I read, but couldn't bring myself to play, Ars Magica, based on its cumbersome character creation rules involving lifepaths and point-buy. 

I'm currently playing Melee on and off again with Vivit. Point-buy in that game is boring but satisfying; you have just a few decisions to make, and you can chart their effects with a spreadsheet.

I have intentionally shied away from any point-buy game more complex than Sorcerer -- until now anyway. 

Champions Now chargen

Champions Now is a superhero game by Ron Edwards, in the Champions family of games, published in 2020 by Hero Games. It's a sort of anti-retroclone; Edwards has taken the things he liked about early editions of Champions and remade the game to focus on those features, adding, subtracting, tweaking, and changing just about everything along the way.

The pitch 

Every game starts with a pitch by the GM: one sentence about powers, one sentence about real-world problems, and a location for play. You don't discuss the pitch, clarify it, or negotiate it. You take the pitch as it strikes you and use it as a jumping-off point to make your character.

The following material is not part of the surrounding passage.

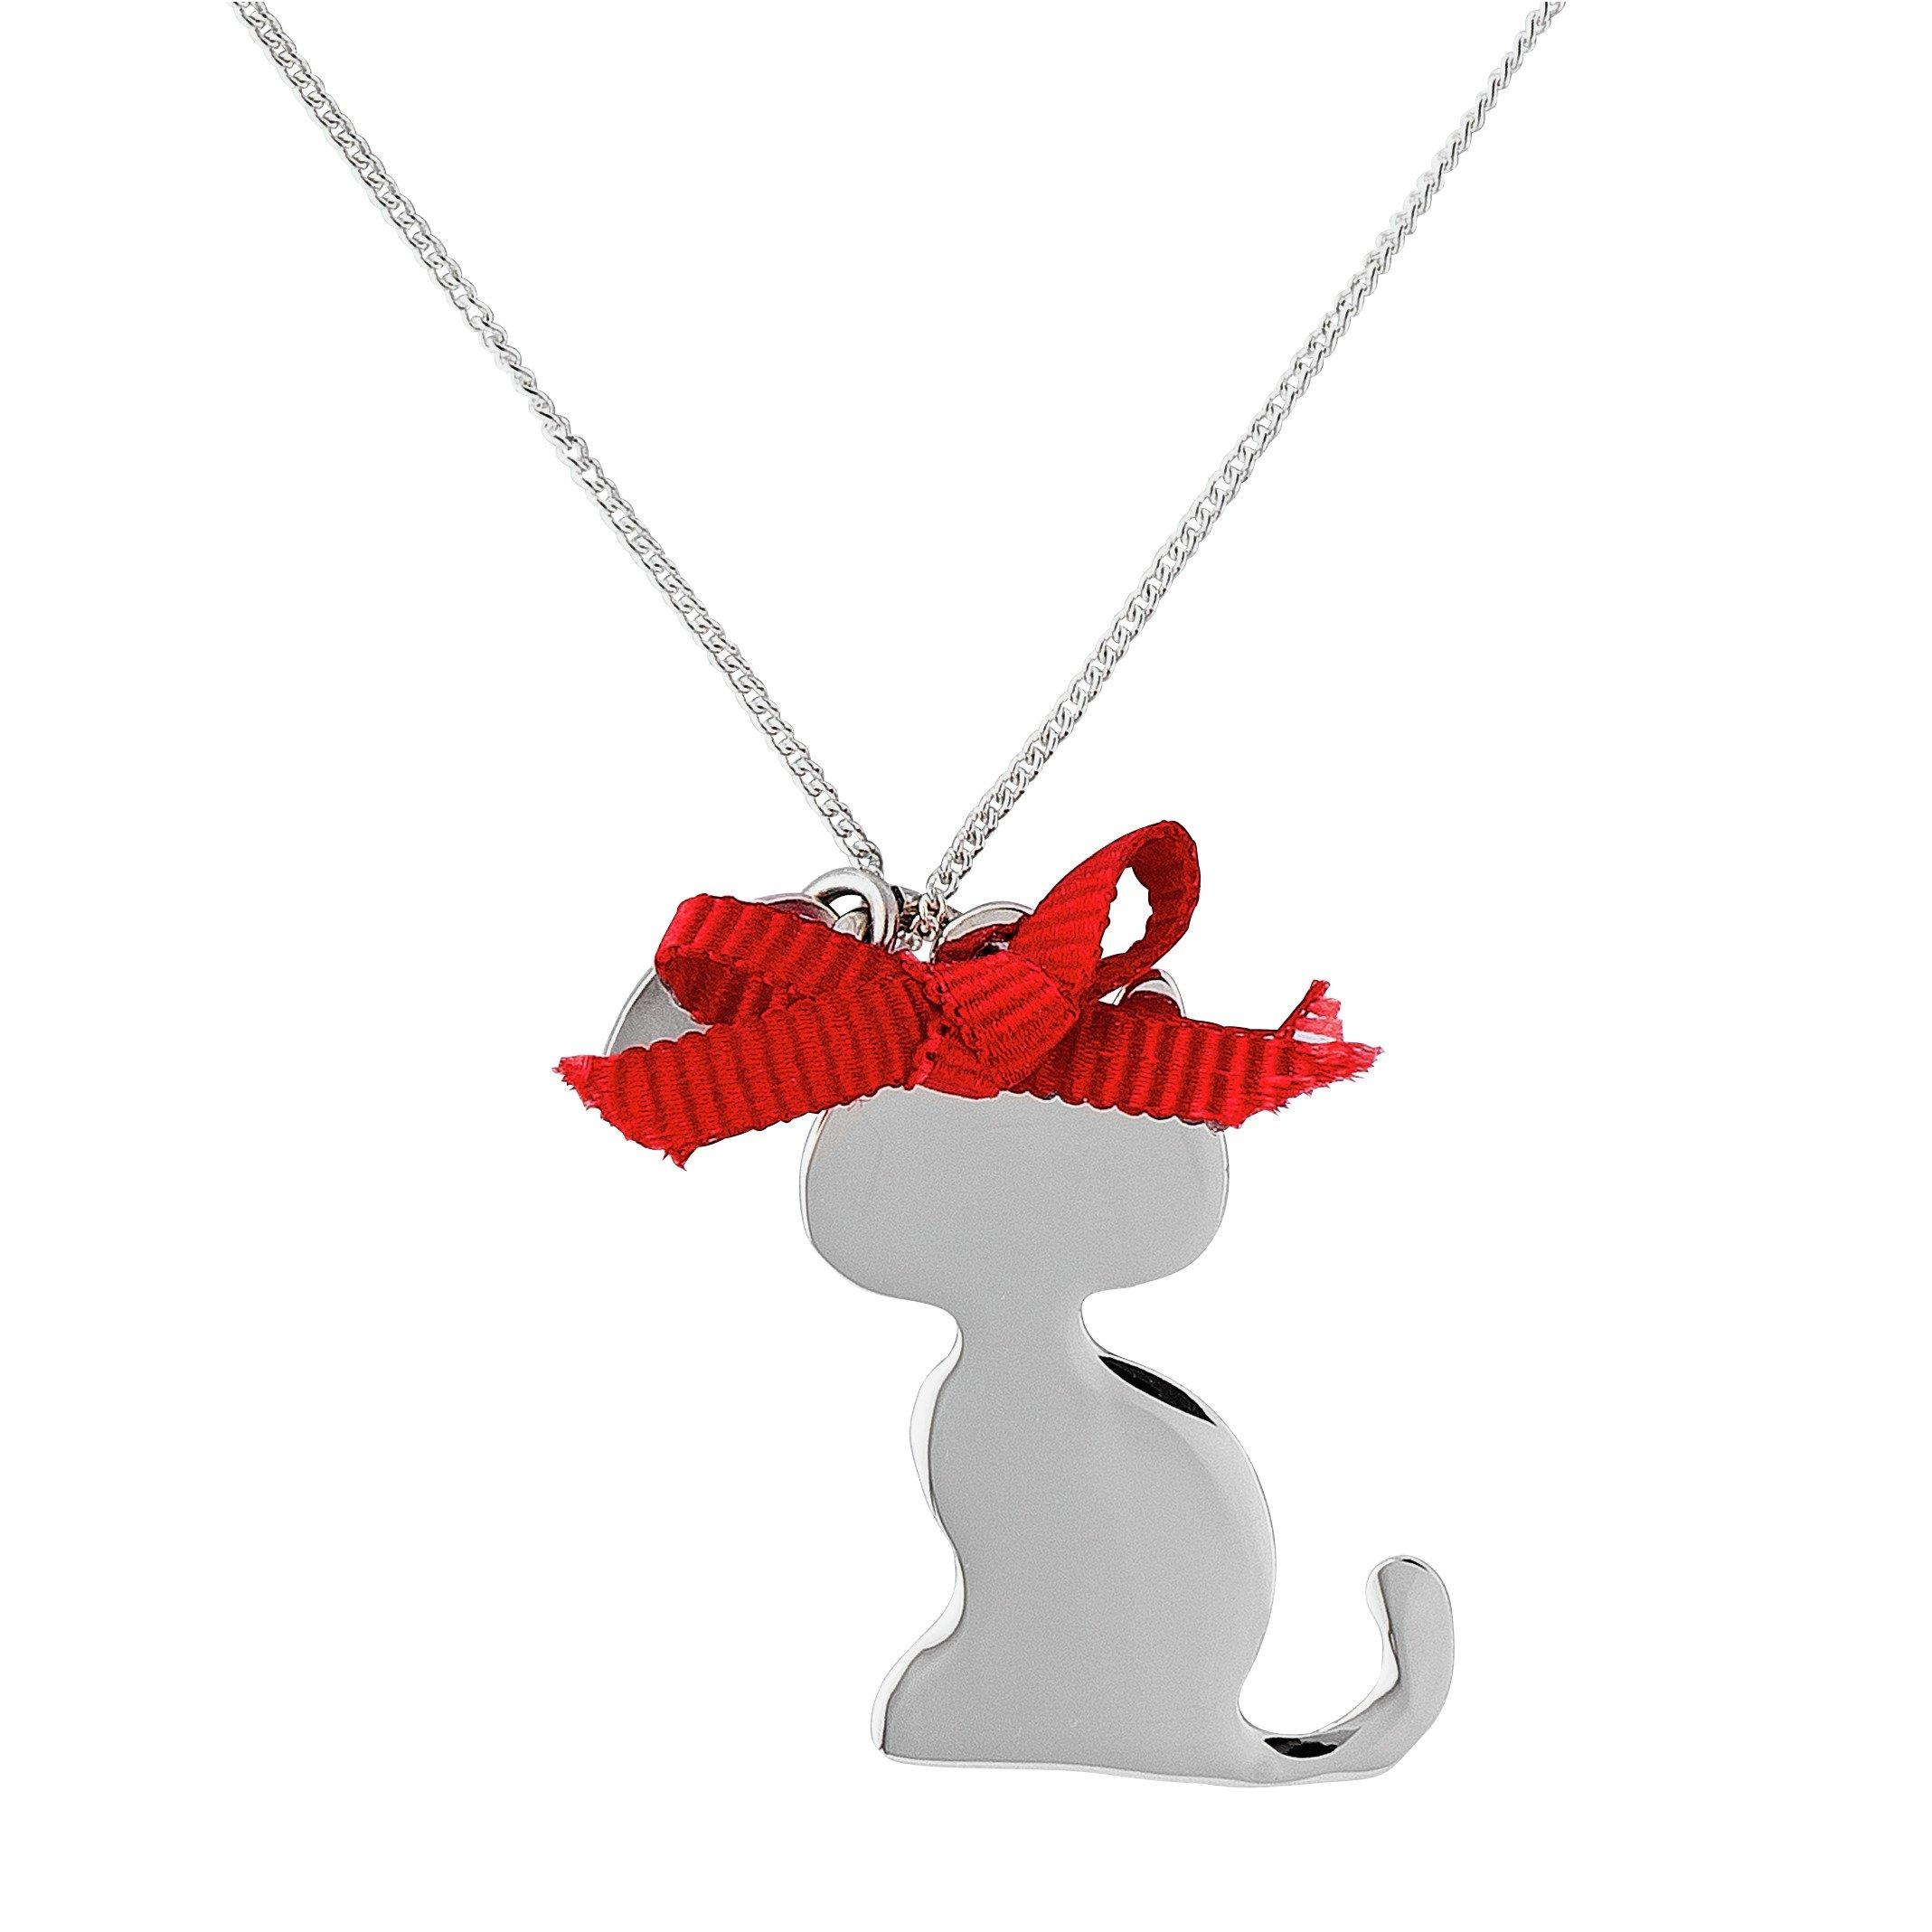 Image of Revere Sterling Silver Cat Pendant

This way, everybody makes characters with a subtle thematic unity to them. They may be very similar or very different; in either case, we're in classic superhero territory, and we're set up to author powerful themes in the game.

In my upcoming game, Jon's pitch is:

  • Super powers come from outer space or other dimension.
  • You can’t choose your family.
  • [No location yet].
  • When I run my own game, my pitch is going to be:

    • Powers are freedom, authority, and sovereignty -- power.
    • The whole world is watching!
    • Columbus, OH. 

    Think about either of these two sets of statements for a little while and I'm sure some four-color hero, new or invented, will come to mind.

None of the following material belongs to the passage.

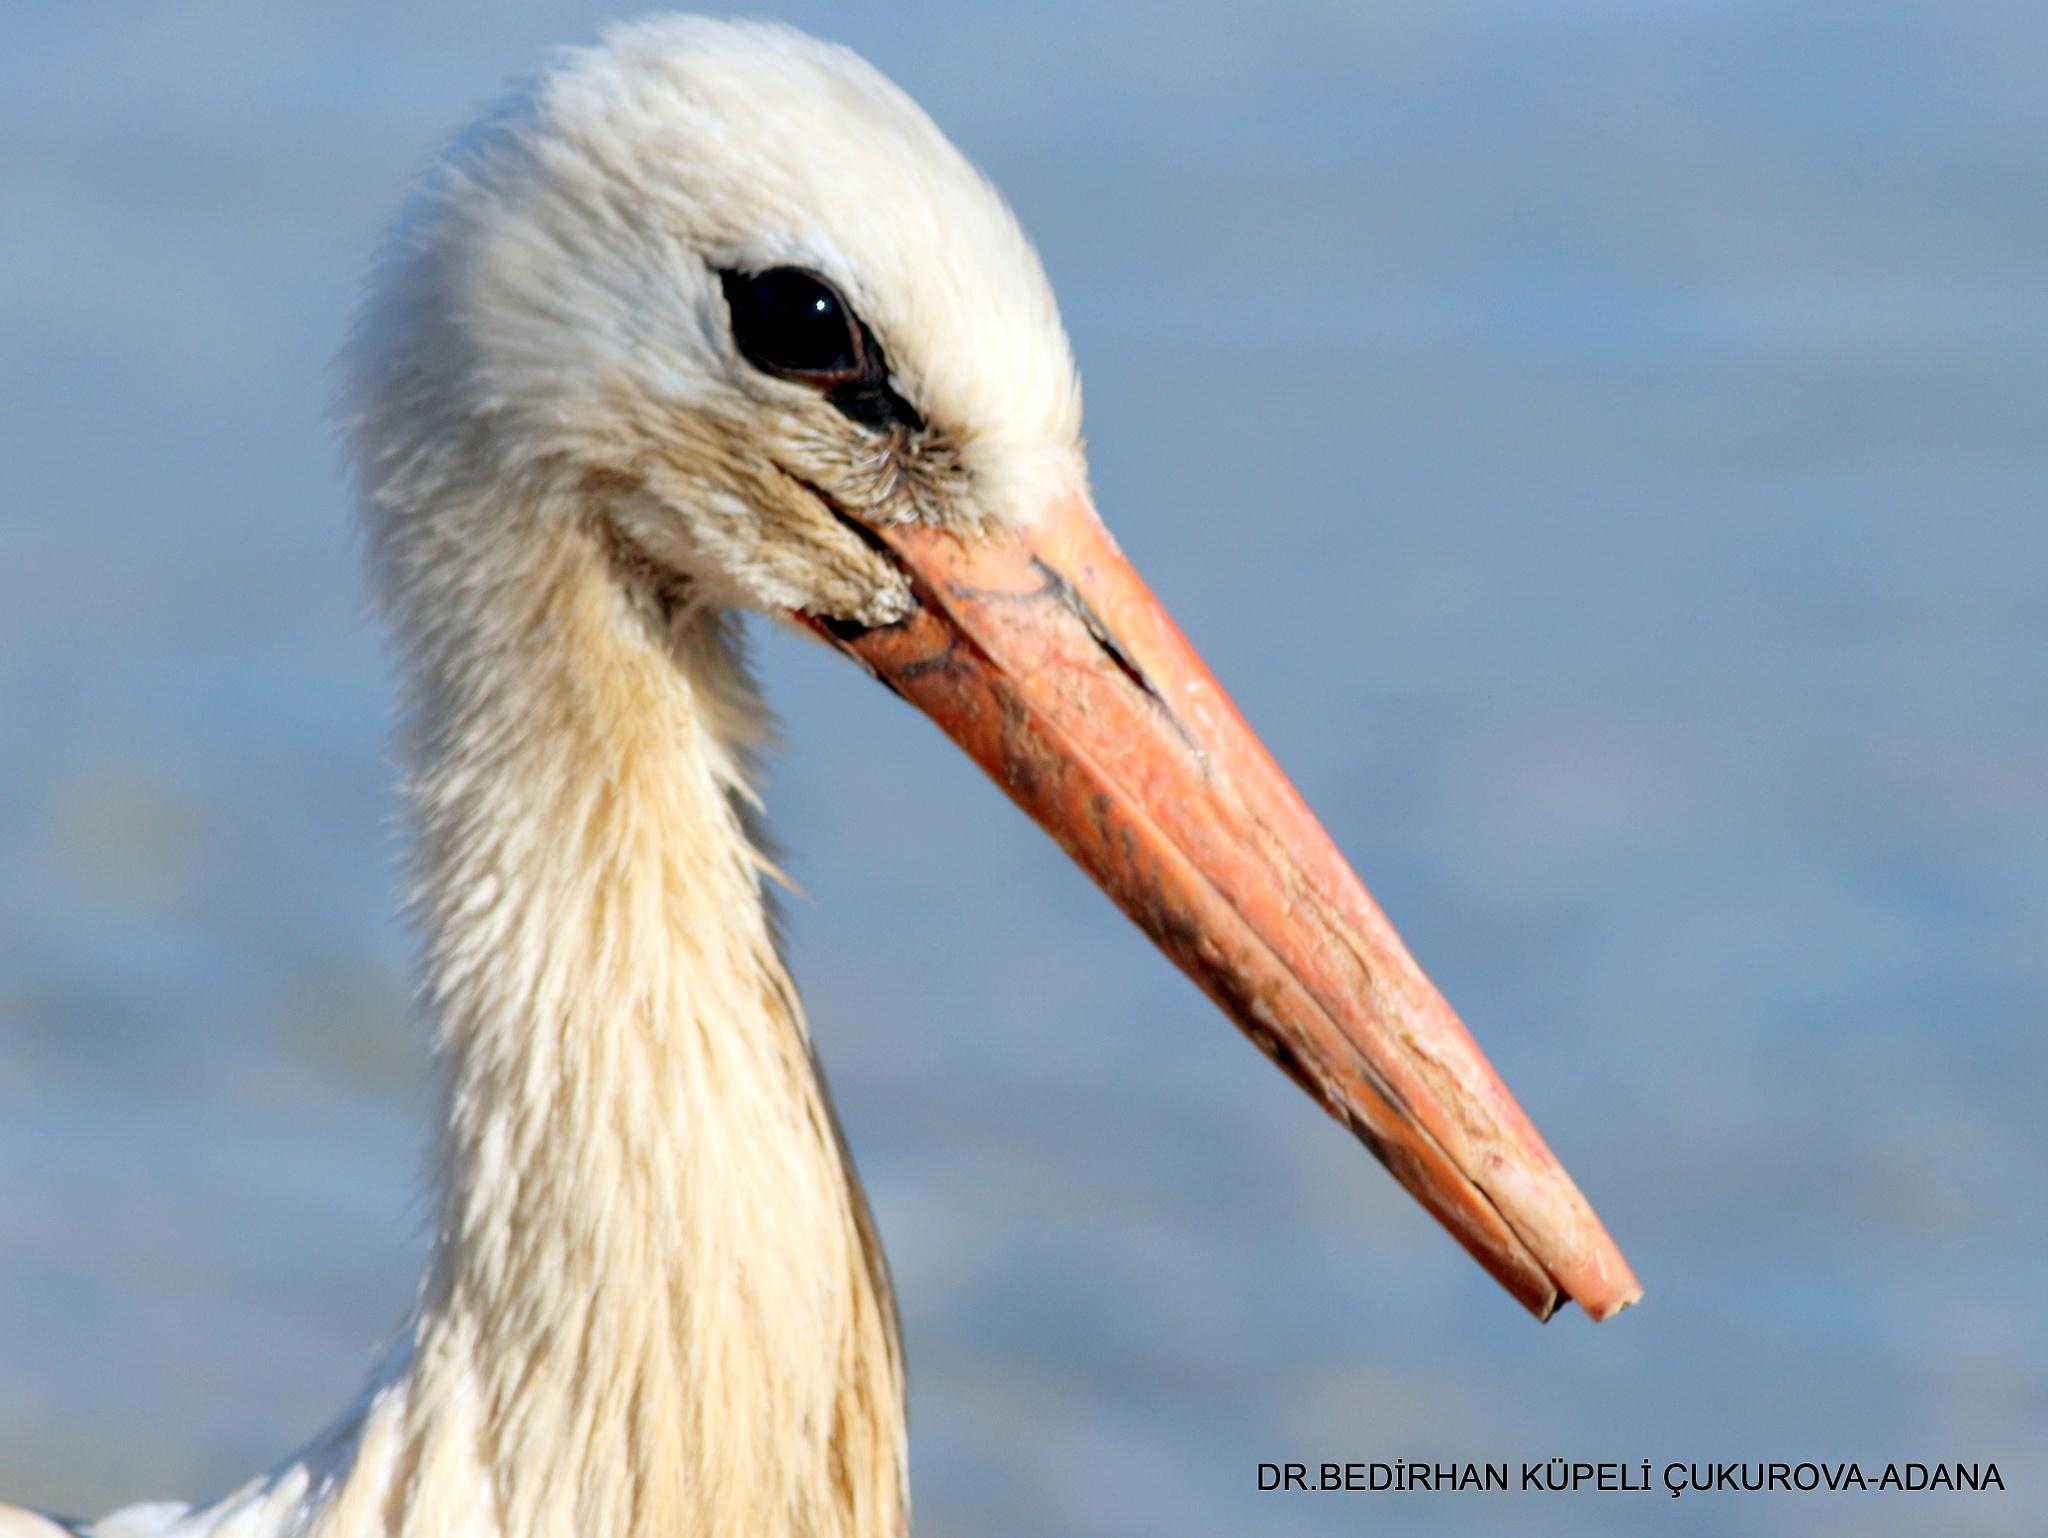 Broken-billed Stork by Bedirhan Küpeli

    Later in this post, or maybe a later post if I don't write quickly enough, I'm going to write up some villains using my pitch. (Villains use the exact same rules as heroes! There is no formal difference.)

    The triangle

    When you make up your character, you should picture a triangle. Its corners are labelled "person", "powers", and "problems". You can start with any corner but you should bounce back and forth between all of them until you've got a solid idea of your character.

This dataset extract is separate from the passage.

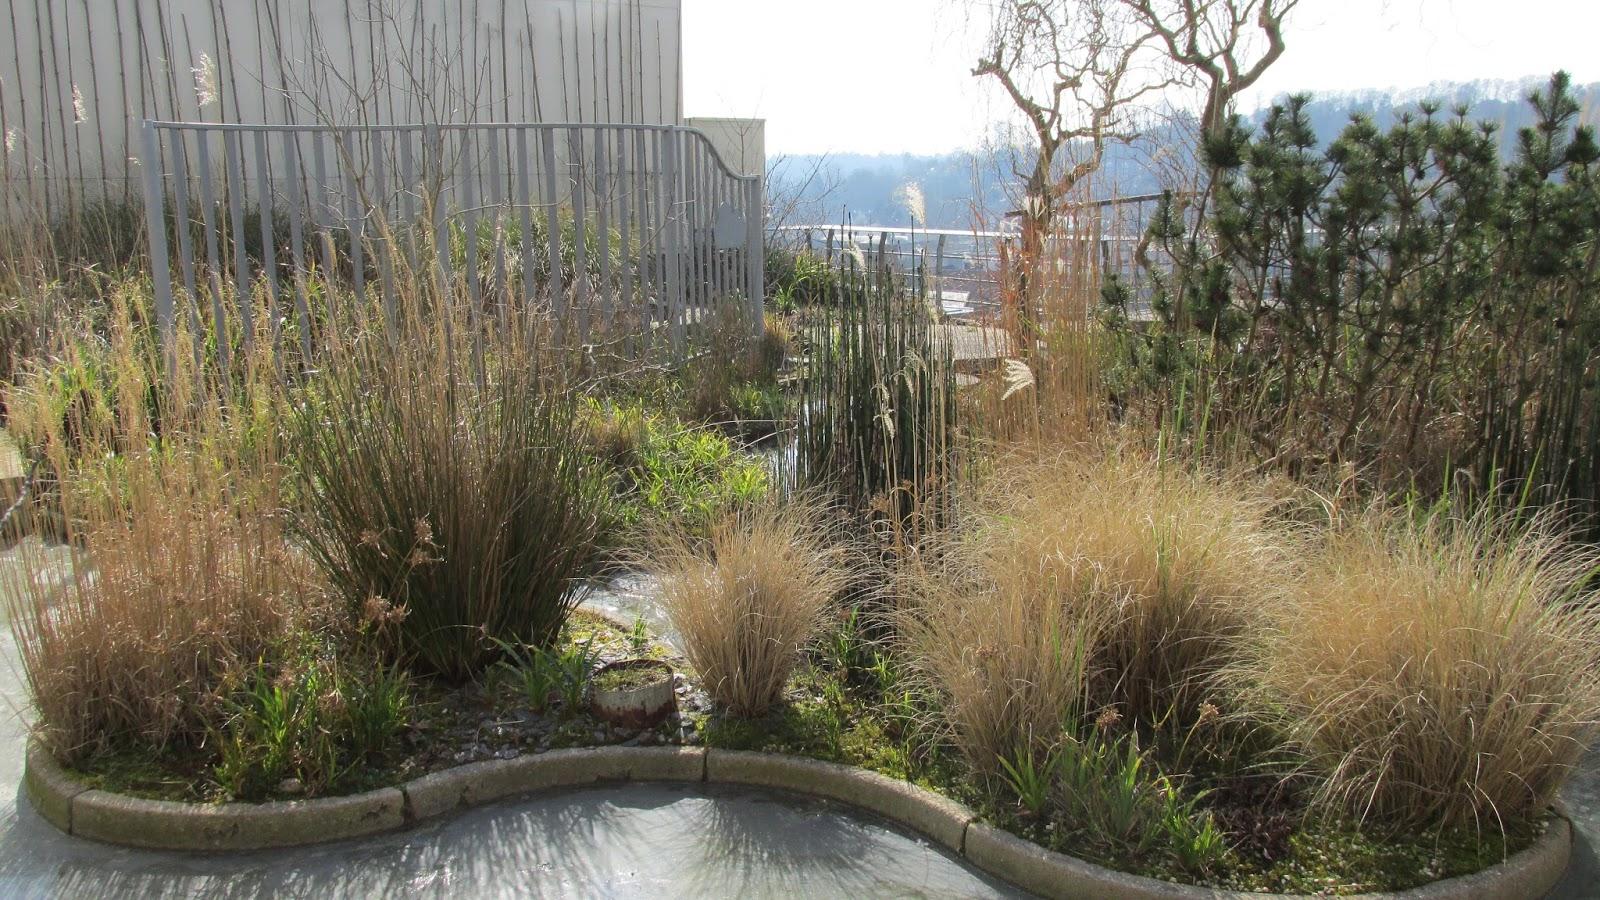 crimson kettle: Parks and Gardens Guildford

    All this is done prior to engage with the formal point-buy interface. Though you will probably move back and forth between your triangle and the interface as you dial-in the character's formal writeup.

    Ok, what's good about this? -- You get a genuine character, not just a clobbering machine. By the rules, you have to. And you've got a good idea of what your character can do, so you aren't going to be totally at sea, dazed by the massive list of options, when you move to the point-buy interface. Thus you don't have a problem with the random-access interface mentioned by Eero above. Instead, you should move purposefully through the interface, looking for the powers that will fill out your character concept. If you're not doing that, you're not playing by the rules.

    The point-buy interface

    Your starting character is worth 200 points, 100 of which will be "earned" by taking Situations (formerly Weaknesses). You distribute these points between attributes, skills, and powers. I'm not sure where I heard this, but I've been told most characters should spend 100 points on attributes and 100 points on powers, unless you are doing something fancy and you know what it is. (The premade characters in the book, heroes and villains, obey this principle.) 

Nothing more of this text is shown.